Several states have created their own broadband networks, including open access middle mile networks and last mile connections, many designed to directly serve anchor institutions and government facilities. By making the upfront infrastructure investment, these networks can partner with providers to lower the cost of service to communities and anchor institutions. In Massachusetts, the MassBroadband 123 network spans more than 1,200 miles, covering 120 communities in western and central Massachusetts, and directly connects hundreds of public facilities. For the Longmeadow High School, access to the MassBroadband 123 network has lowered monthly fees and will allow the district to pay back its $500,000 investment  in technology upgrades at the schools within five years, a much shorter timeframe than with other infrastructure projects. Similarly, Vermont’s Department of Public Service owns or holds license to roughly 340 route miles of open access dark fiber optic cable.

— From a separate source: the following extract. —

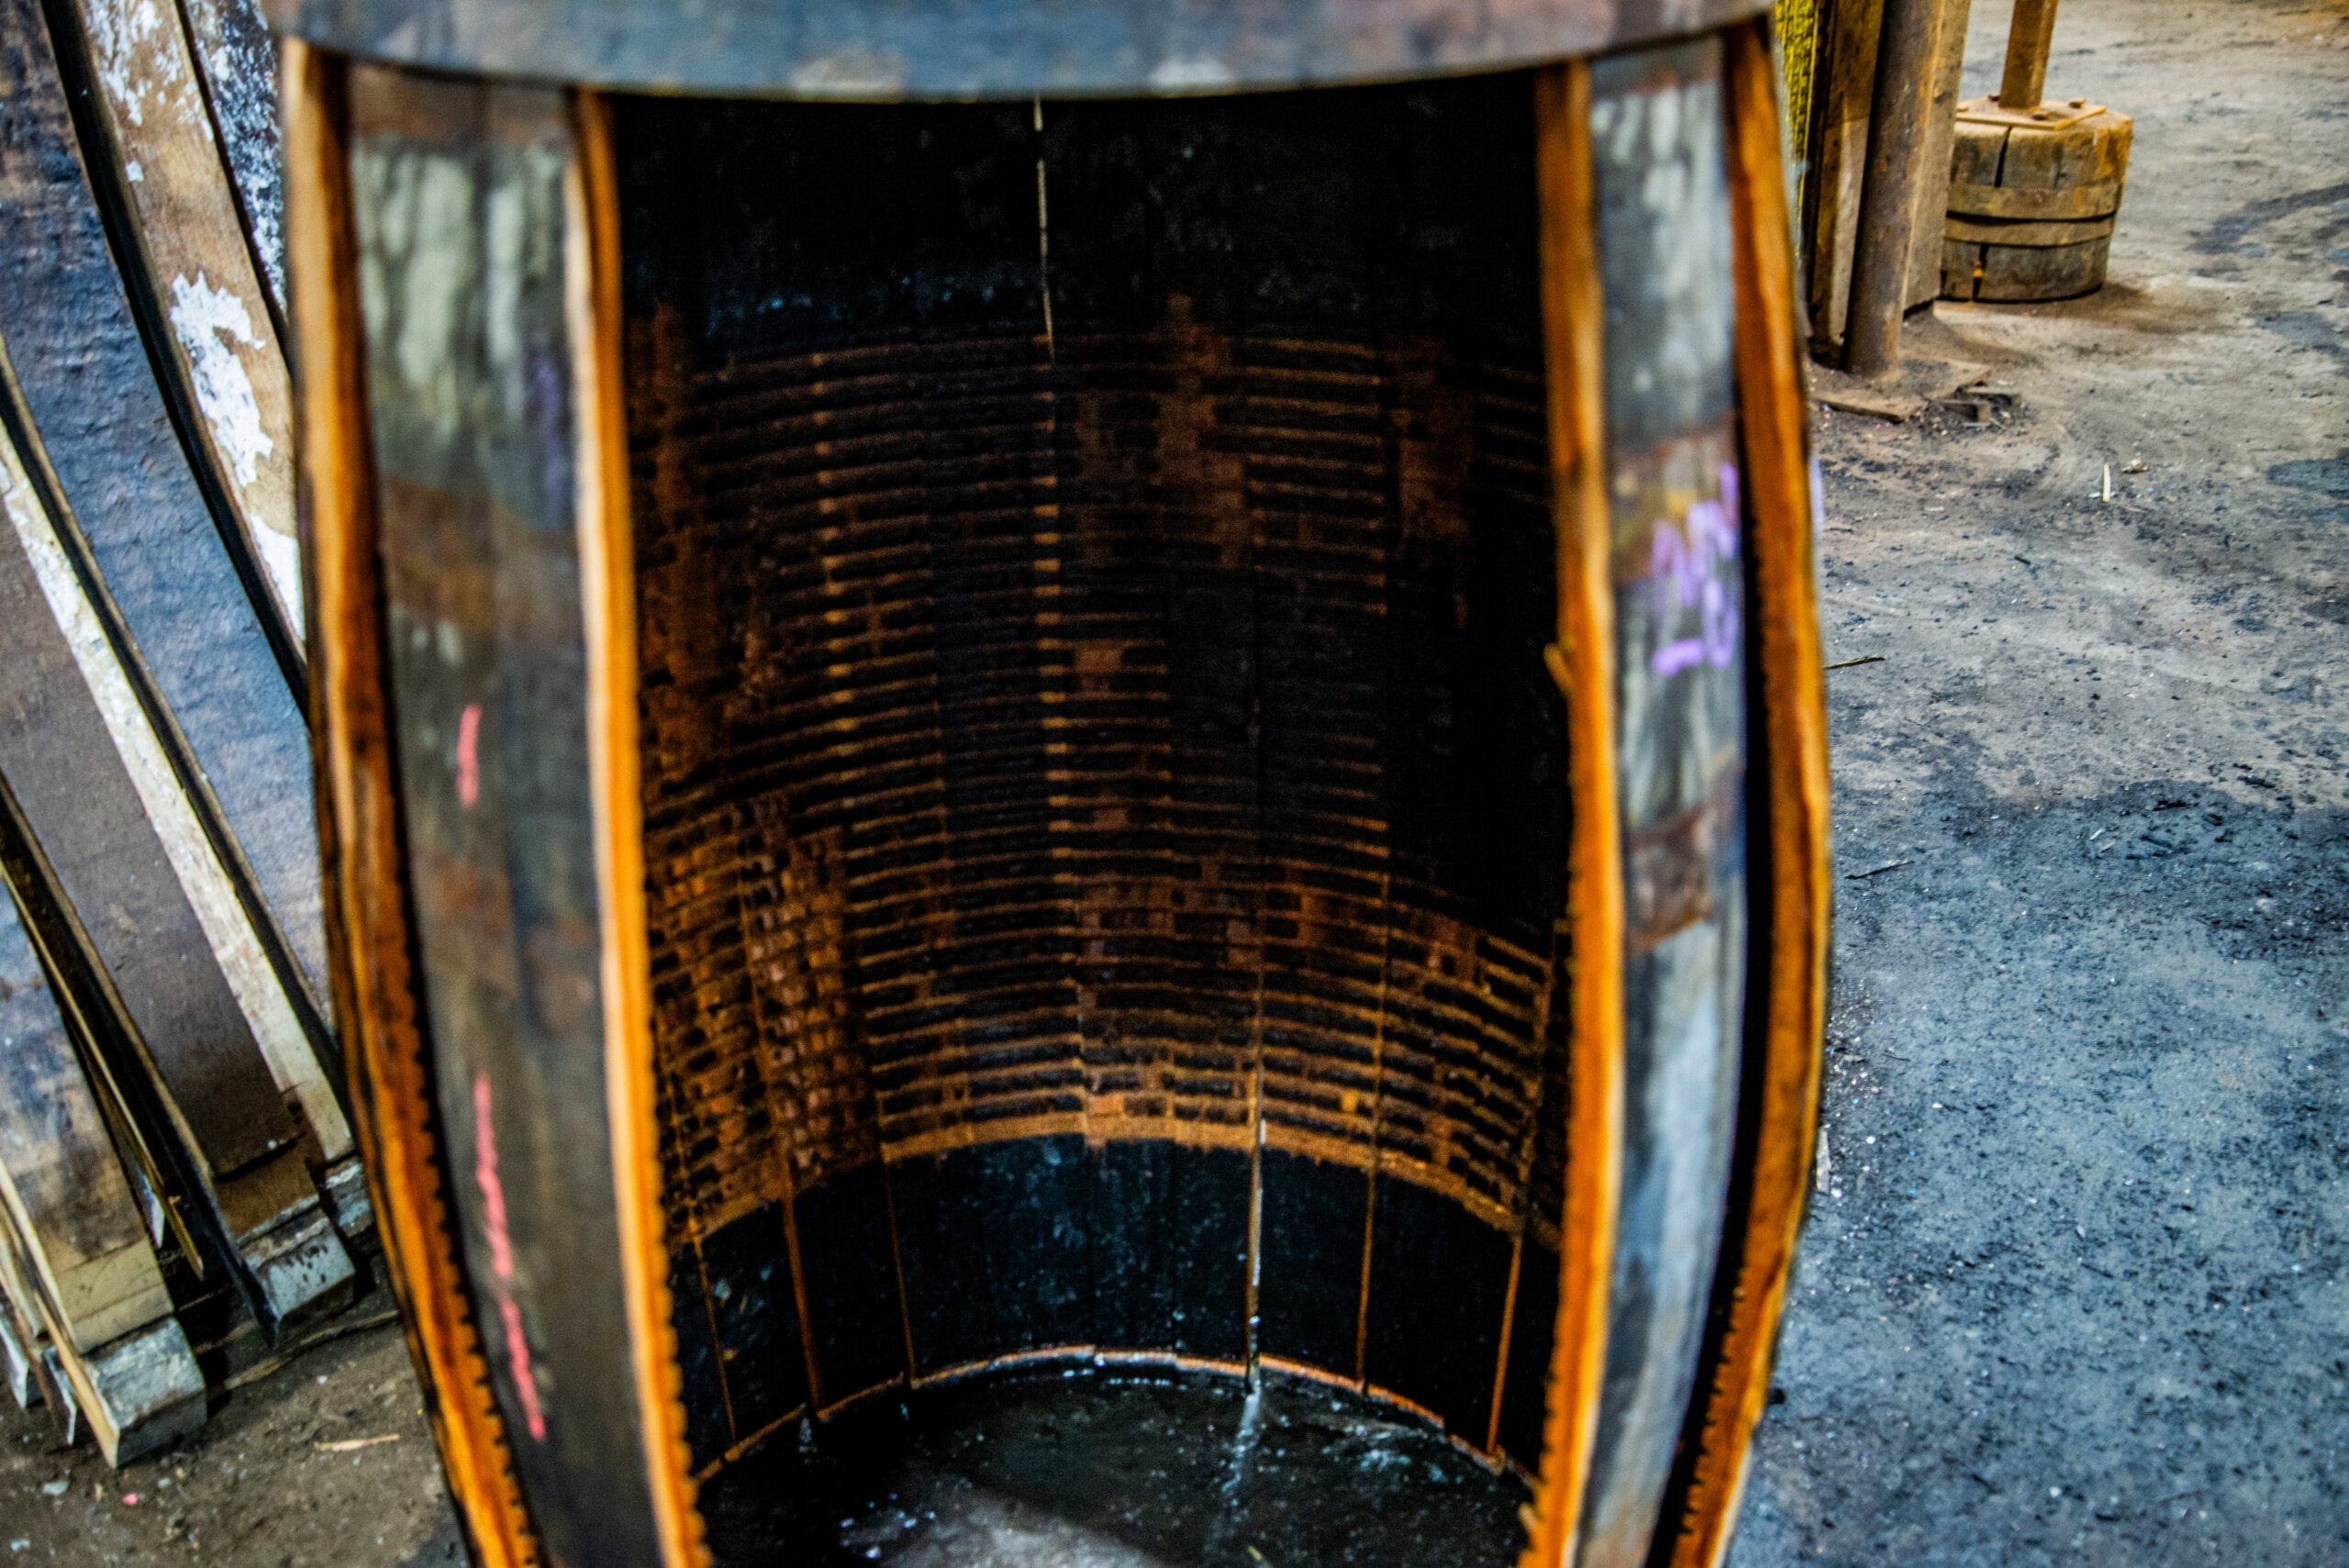 Inspection and disassembling casks

In Illinois, the Illinois Century Network connects more than 6,000 community anchor institutions over 2,100 miles of fiber-optic network. Since 2013, the Illinois Century Network began offering access to the network to commercial providers, lowering the cost of entry in rural and underserved regions with 40 providers currently delivering last mile service through the state’s network. Similar middle mile networks exist in Maryland, where the One Maryland Broadband Network provides service to state facilities, cities and counties, and cooperatives through a public-private consortium, and in Kentucky, where the Kentucky Communications Network Authority manages the construction and operation of the Kentucky Wired network, a 3,200-mile fiber optic network across all 120 of Kentucky’s counties as a result of a public-private partnership.

North Dakota, despite being a large and considerably rural state, consistently has some of the highest internet speeds in the country. As the organization Broadband Now summarizes, “Access to reasonably priced high-speed internet is available to the majority of North Dakota’s residents… current affordability data reveals that North Dakota is well above national averages when it comes to offering low-priced internet. Over three-quarters, [nearly 78 percent] of North Dakota residents have access to a monthly internet plan that costs $60 or less.” In no small part, strategic infrastructure investments are responsible for these widely available high-speeds and affordable connections in North Dakota. In 1999, the state codified statutory language creating the Statewide Technology Access Government and Education Network (STAGEnet) and authorizing the use of the state-run network by all eligible public institutions, creating an anchor tenant model for providing broadband in essentially every community in the state. As a direct result, today, every K-12 school district, county courthouse, higher education campus and state government building in North Dakota has a fiber internet connection through STAGEnet. The state works with local providers to grant access to network, lowering potentially duplicative construction costs and enabling the provision of more affordable services. Further, in 2019, the state assembly passed legislation (HB 2040) enacting a sales and use tax exemption for investments in telecommunications infrastructure.


Conclusion

Closing the digital divide has been a long-standing priority for Governors. In the effort to expand access to broadband services across the country, access to the physical infrastructure of the internet is only part of the challenge. The cost of sufficient internet services remains a significant barrier to increasing adoption and closing the digital divide in both urban and rural communities, and these challenges have been exacerbated by the COVID-19 pandemic. Governors are championing new and improved strategies, from leveraging federal resources to launching new programs and partnerships, immediately increasing the affordability of internet services and permanently creating a more affordable digital landscape for the future.